Part of the agricultural soil used for animal agriculture consists of converted forest areas.
Deforestation does not only pose a problem in areas with tropical rain forest but does so around the world. Consequences include loss of cultural diversity, loss of biodiversity and indirectly contribute to the greenhouse effect because less carbon dioxide can be stored.
Though the greenhouse effect is essentially an entirely natural process, it is estimated that 64% of global warming worldwide is caused by carbon dioxide, followed by methane (20%), halogenic compounds (10%) and nitrogen oxide (6%). The majority of greenhouse gas emissions produced by agriculture are directly or indirectly related to animal agriculture.
The practice of pulling a fishing net through water behind boats, removes around 5 to 25% of an area's seabed life on a single run.

What can I do?

There are many simple things you can do that can make all the difference in the long run.

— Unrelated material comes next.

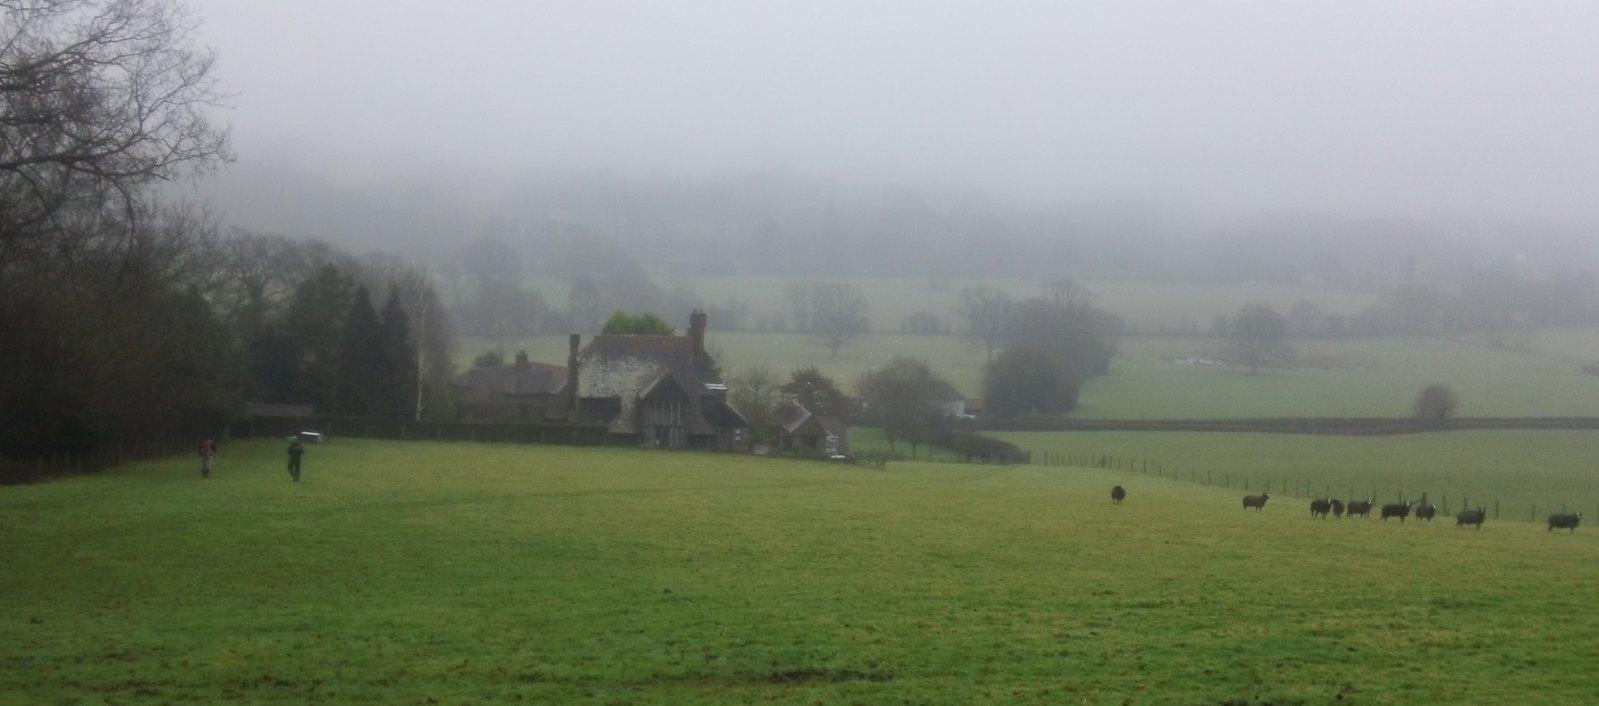 Black sheep see us coming! Farm near Fordcombe, Kent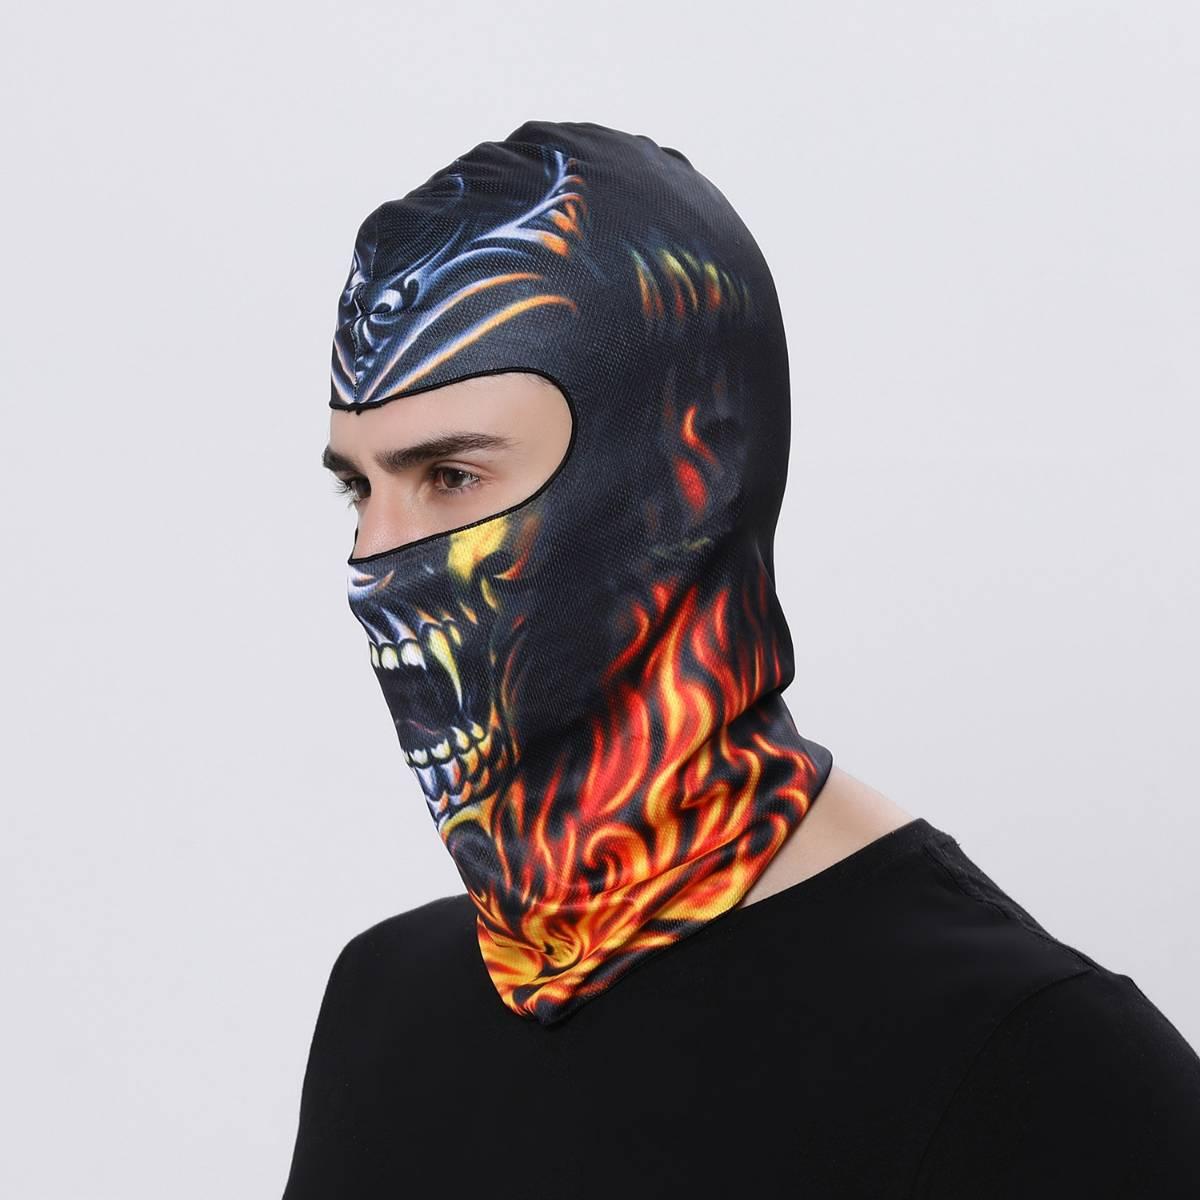 Masker Motor / Sepeda / Olah Raga Balaclava Motif 100

  • Shop locally. Not only does it save on transport emissions, it supports local growers and businesses.
  • Bring your own bags when shopping, preferably re-usable, and not plastic.
  • Pack your kids garbage free lunches.
  • Walk or bike any distance less then ten blocks.
  • Research your power company and make the switch if they are not using clean, renewable energy. By switching you send a message to energy companies that we do not want to buy or support dirty electricity in any way. Meridian appears to be the 'cleanest' in Christchurch.
  • Share newspapers or better still listen to the News on the radio or search the information you require on the net. You'll save trees.
  • Boil only enough water for the amount of drinks you are making.
  • Get fit and bicycle to work or school, use public transport or carpool.
  • Use water like you're on a limited tank supply.
  • Accept that it's ok for your car to be a little dirty.
  • Mulch garden beds to keep in moisture, it also saves on weeding.
  • Be aware of all chemicals you use and dispose of them safely.
  • Buy from Piko's 'on tap' and 'open sack' sections to save on excess packaging.
  • Think about the size of your fridge, car, home and even family (preferably before having them).
  • Think about those 3 R's Reduce, Reuse and 'Recycle'.
  • Educate yourself watch - Al Gores "An inconvenient truth" and "Fast food nation".
  • Try out vegetarianism
  • Be aware of the Earth everyday and of our effect on it. Awareness of our own impact, willingness to change, and spreading the word is what we are hoping this information will bring. Spread the word with enthusiasm, love and determination.